Study of Peace - Skills that are developed as part of curriculum activity such as to listening with patience and endurance, purity of mind to develop concentration, aptitude for cooperation and teamwork, to reach out to get answers (curiosity and rational inquiry), acceptance of discipline, and a positive attitude to study/work are the trademarks of a good student which in turn are also the skills of a peace-oriented person. Thus the curriculum also inculcates peace and democracy into students.

Work and Education - Work related education is made as an integral component of the school curriculum, in the form of – work experience, work education, SUPW, craft education, life oriented education, pre vocational education and generic education. Work based education aims at involving children in a variety of production or service oriented activities, to develop skills, positive attitudes and values through work and also to develop work related competencies.

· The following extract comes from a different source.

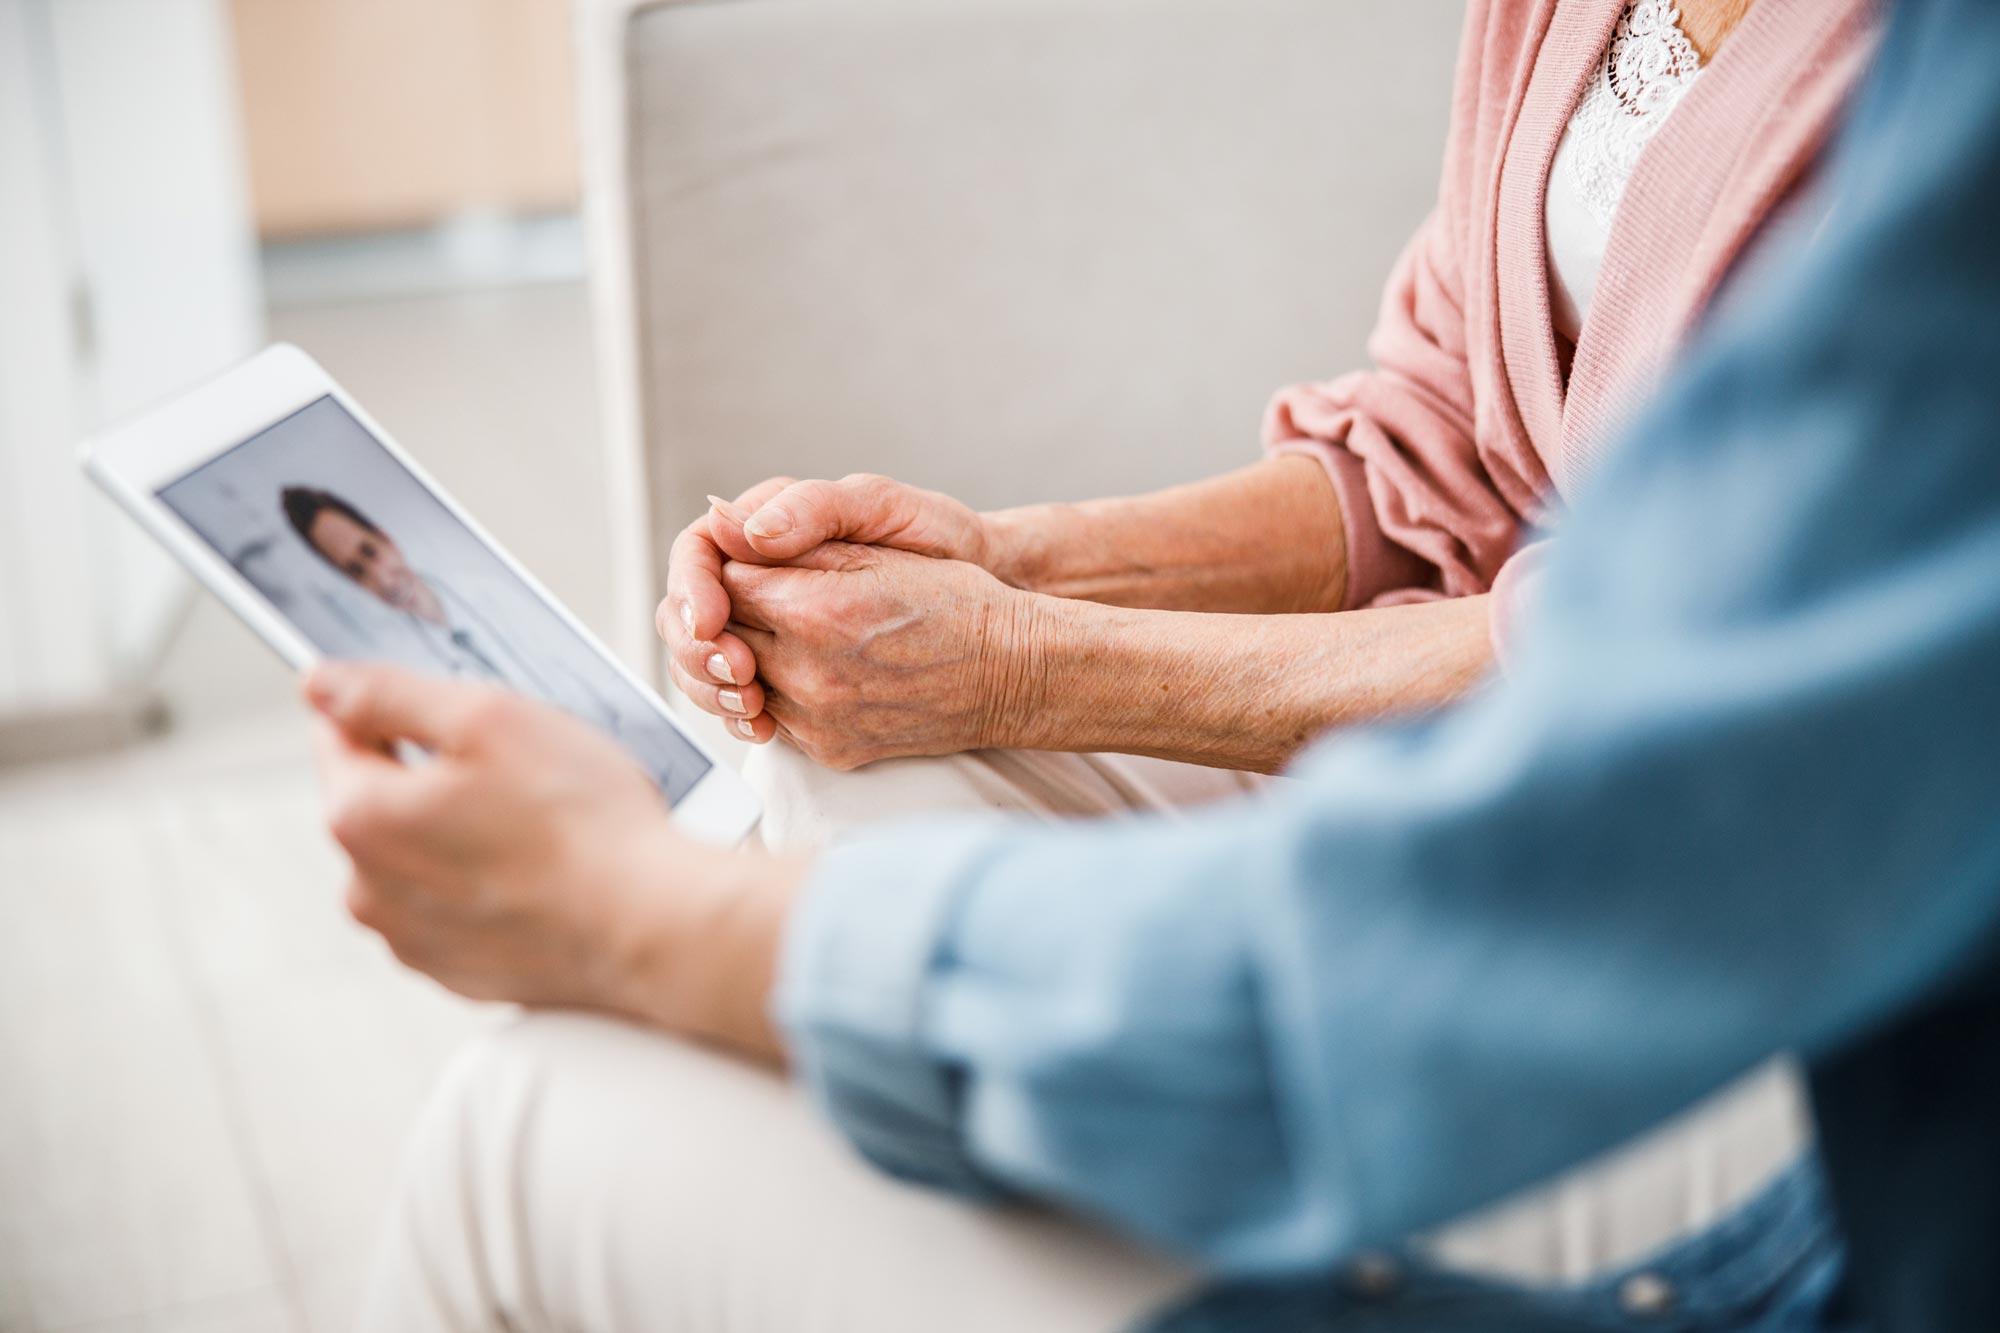 $4.4 Million Grant to Boost UVA Health's Home Monitoring Services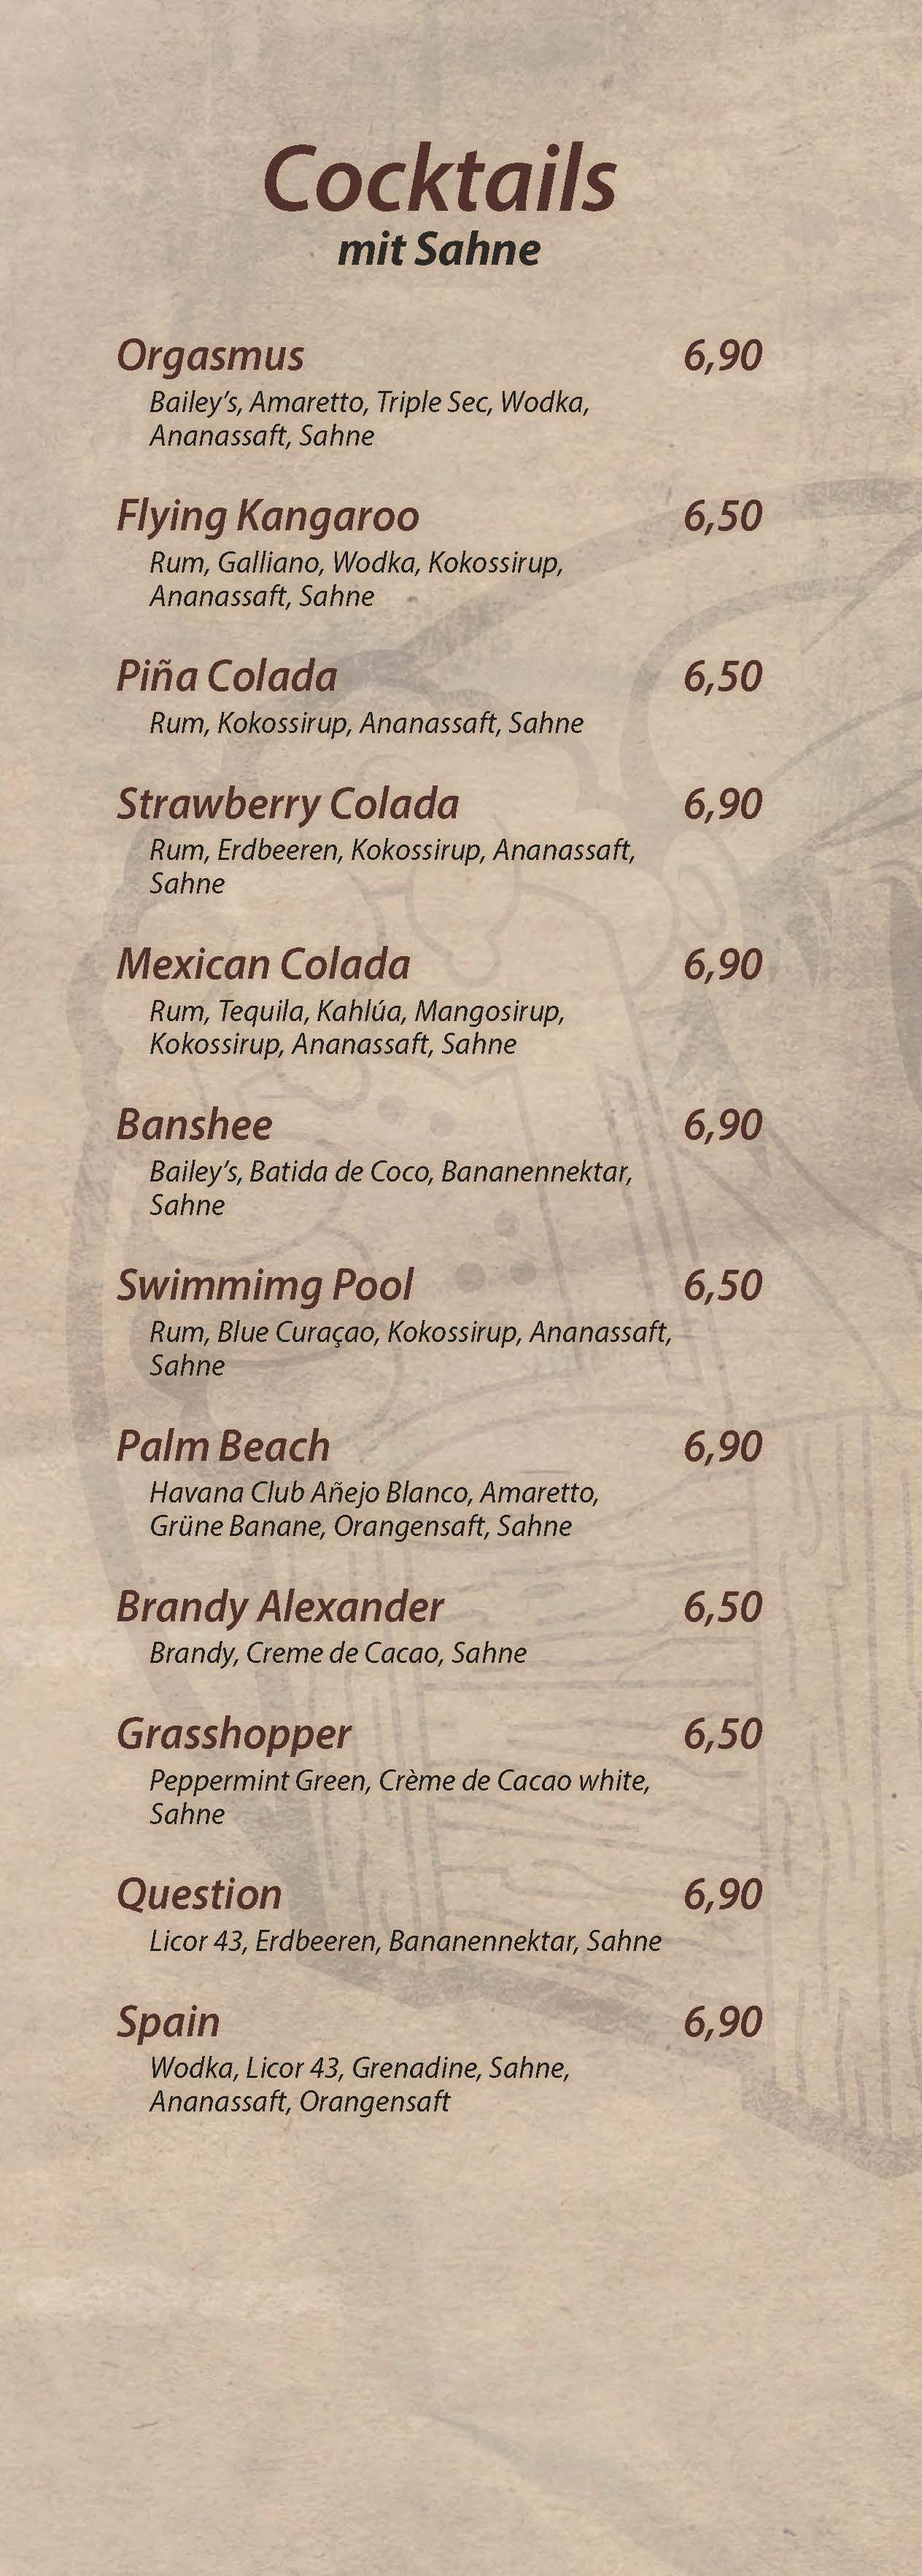 Cocktails mit Sahne - Cocktailbar Die Kiste in Cuxhaven

=== School and Classroom Environment ===

Physical environment has to be maintained favorable to students in terms of infrastructure, adequate light and ventilation, Student teacher ratio, Hygiene and safe environment. Schools should also treat students with equality, justice, respect, dignity and right of the students. Give equal opportunities for all students to participate in all activities without any bias. Policy of inclusion has to be part of the school where differently abled and children from marginalized section get equal opportunities. The schools should also be well equipped with libraries, laboratories and educational technology laboratories.

=== Systemic Reforms ===
The NCF has aimed at bringing about reforms in the education system to bring about a curriculum that is learner centric, has a flexible process, provide learner autonomy, teacher plays a role of a facilitator, supports and encourages learning, involves active participation of learners, develops multidisciplinary curriculum, focuses on education, brings about multiple and divergent exposure, multifarious, continuous appraisal in educational system.